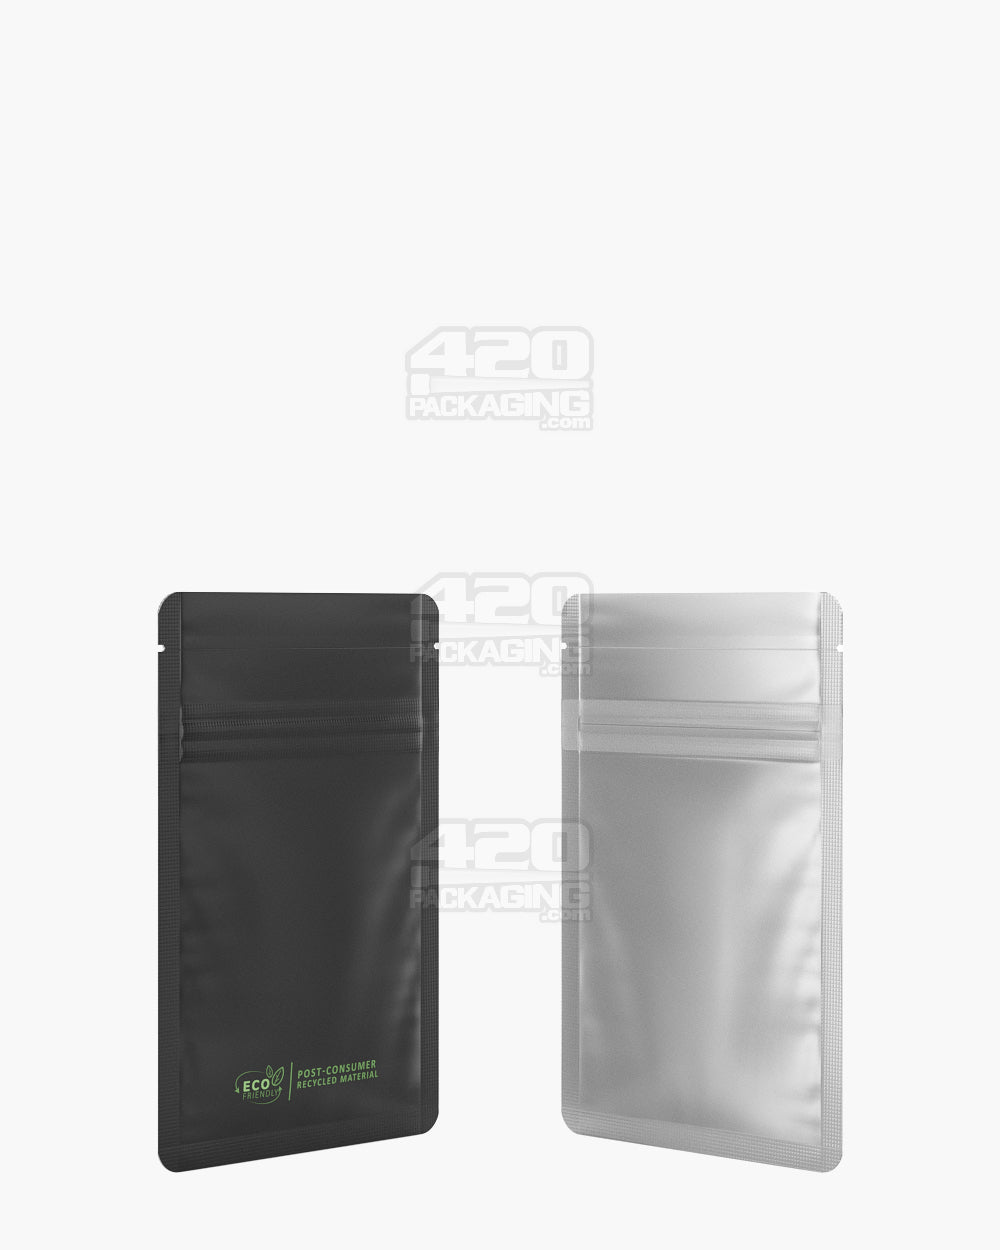 Matte-Black 3" x 4.5" PCR Vista Mylar Tamper Evident Bags w/ Tear Notch (1 gram) 1000/Box - 4
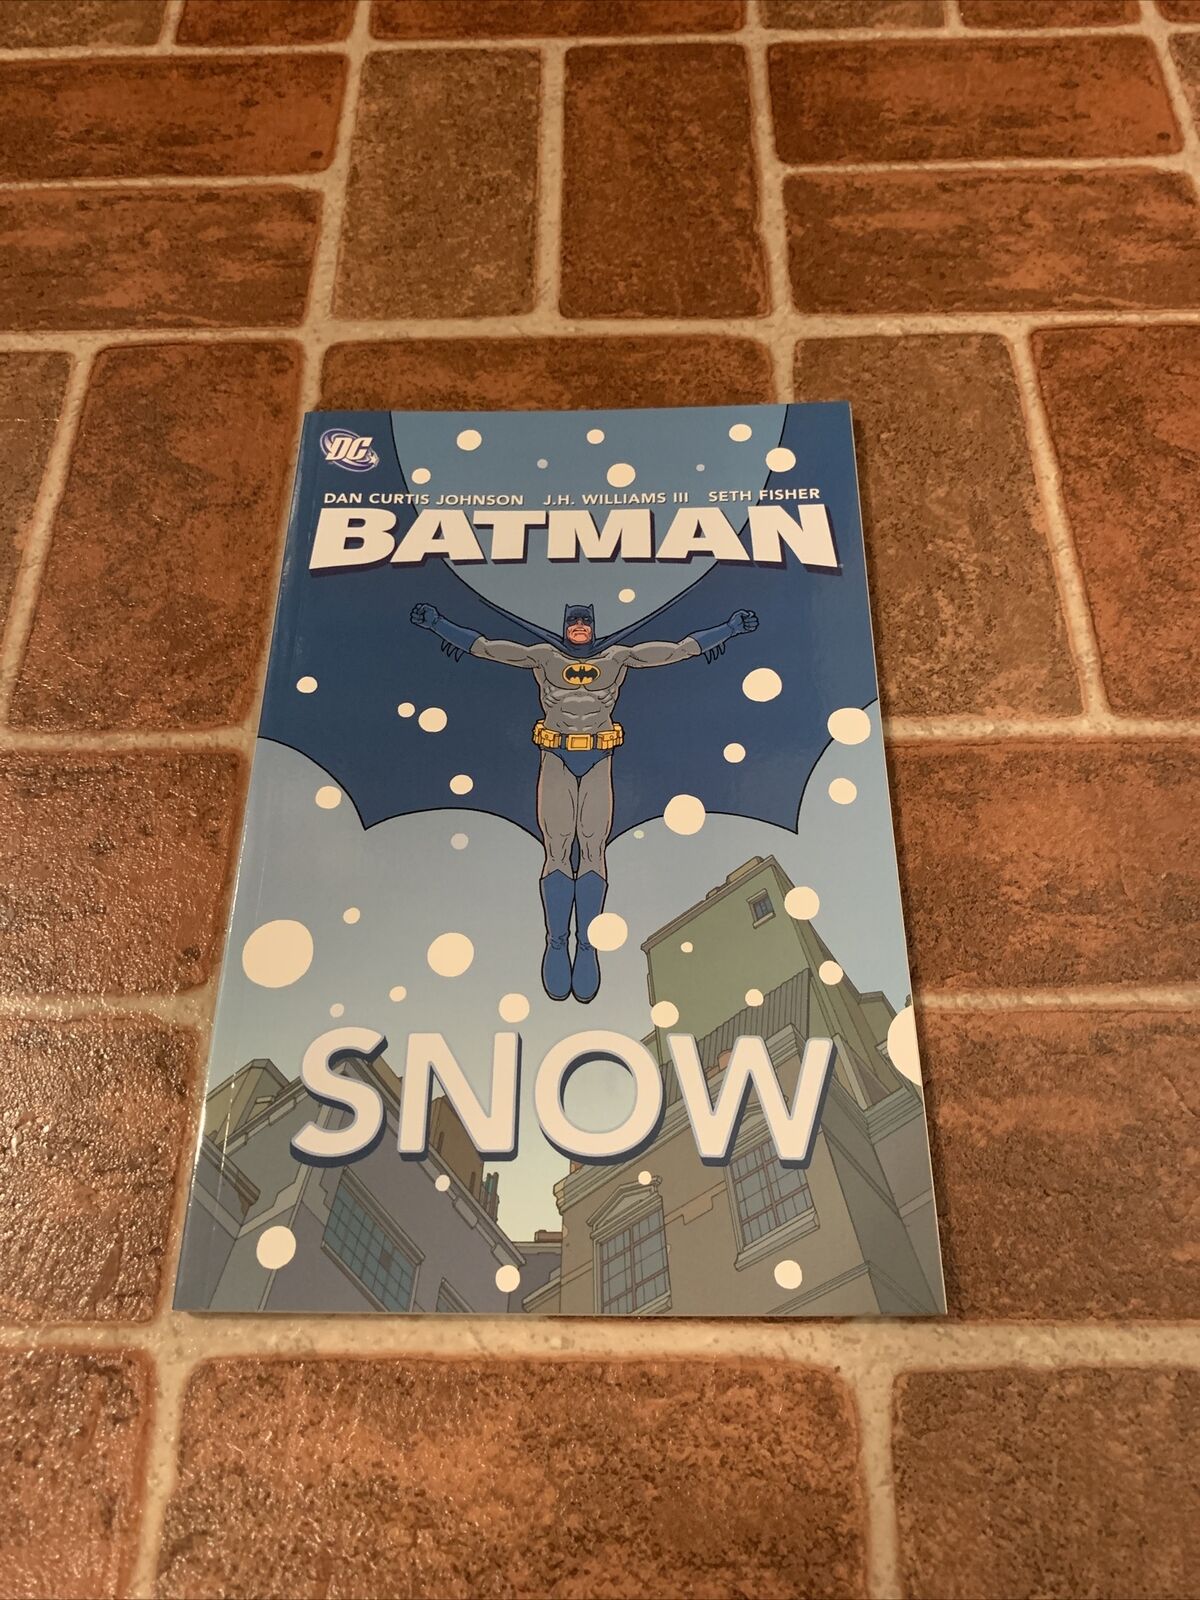 Batman Ser.: Snow by Dan Curtis Johnson (2007, Trade Paperback, Revised edition)
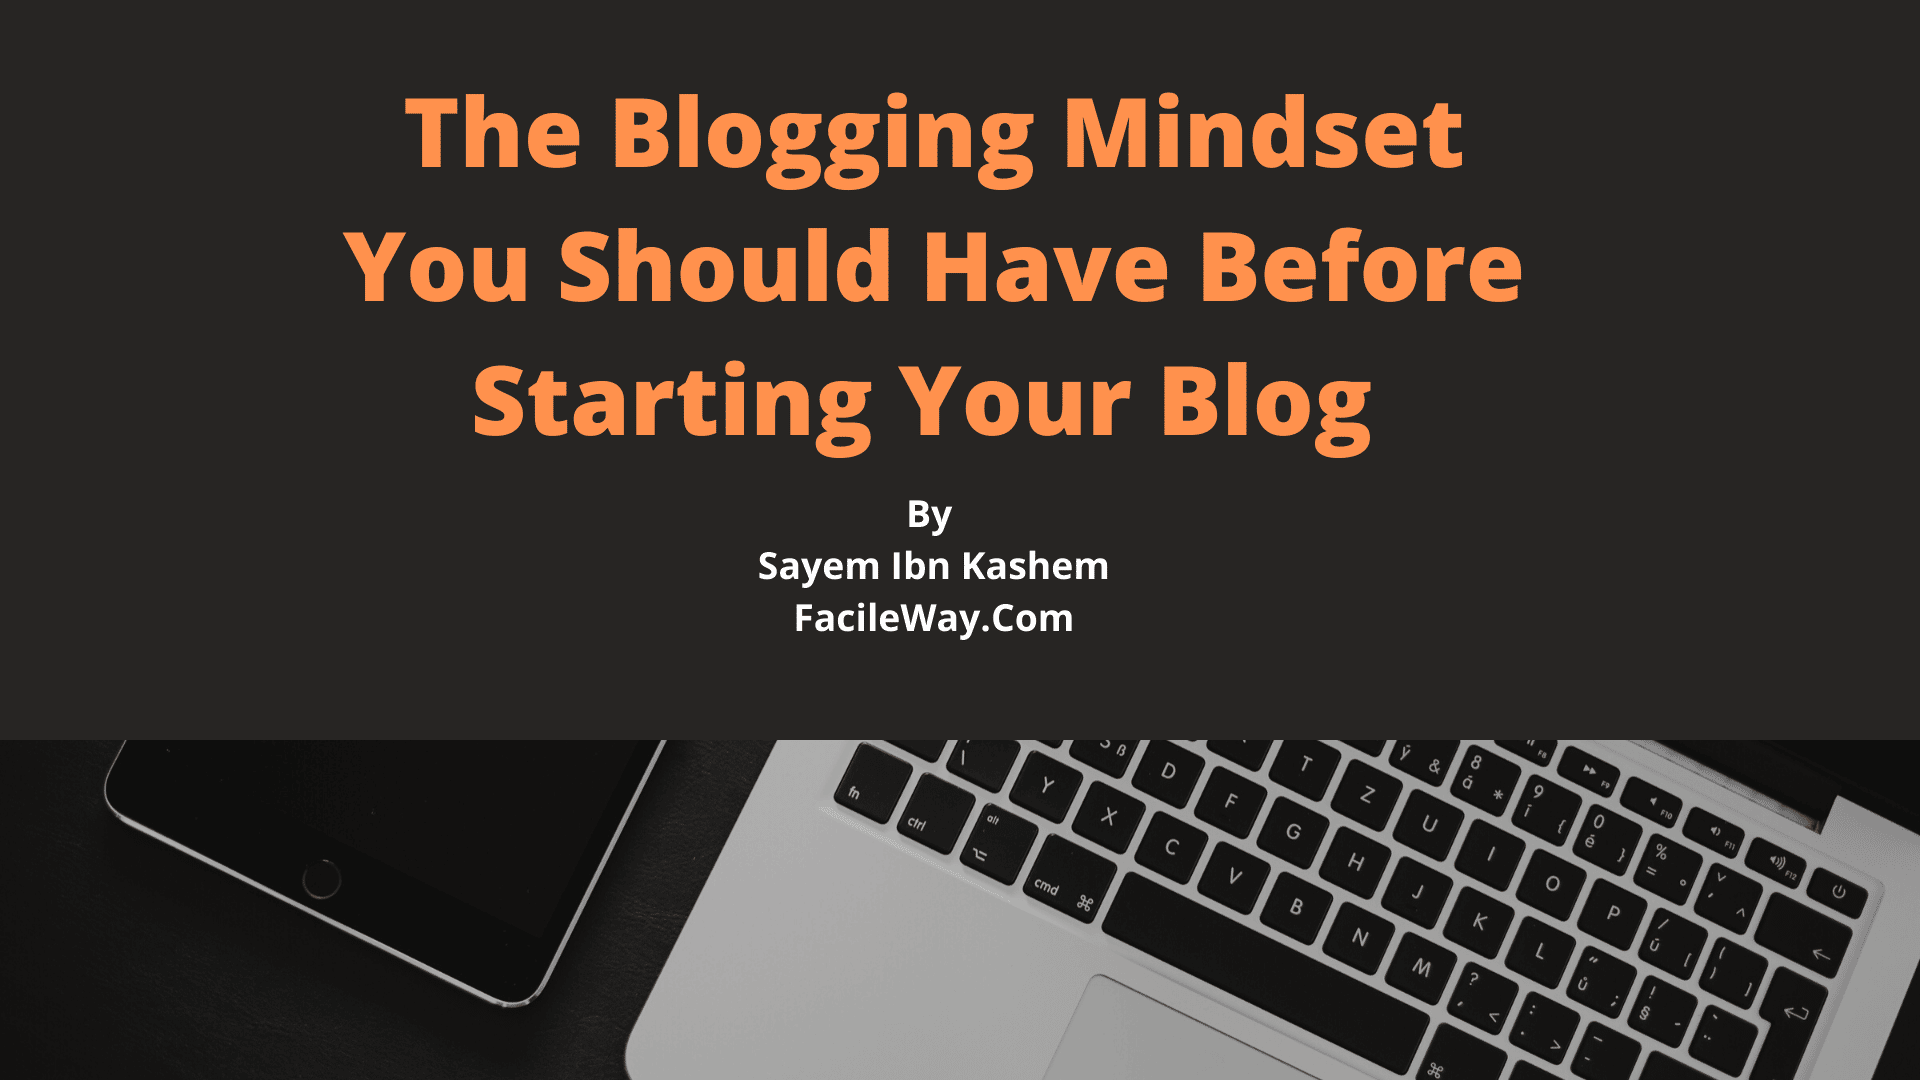 The Blogging Mindset You Should Have Before Starting Your Blog

+-------+

* WHAT THE TASK ASKS *
Give back the listing exactly, without a single picture.

* TASK RESULT *
 Matte-Black 3" x 4.5" PCR Vista Mylar Tamper Evident Bags w/ Tear Notch (1 gram) 1000/Box - 4
 Batman Ser.: Snow by Dan Curtis Johnson (2007, Trade Paperback, Revised edition)
 The Blogging Mindset You Should Have Before Starting Your Blog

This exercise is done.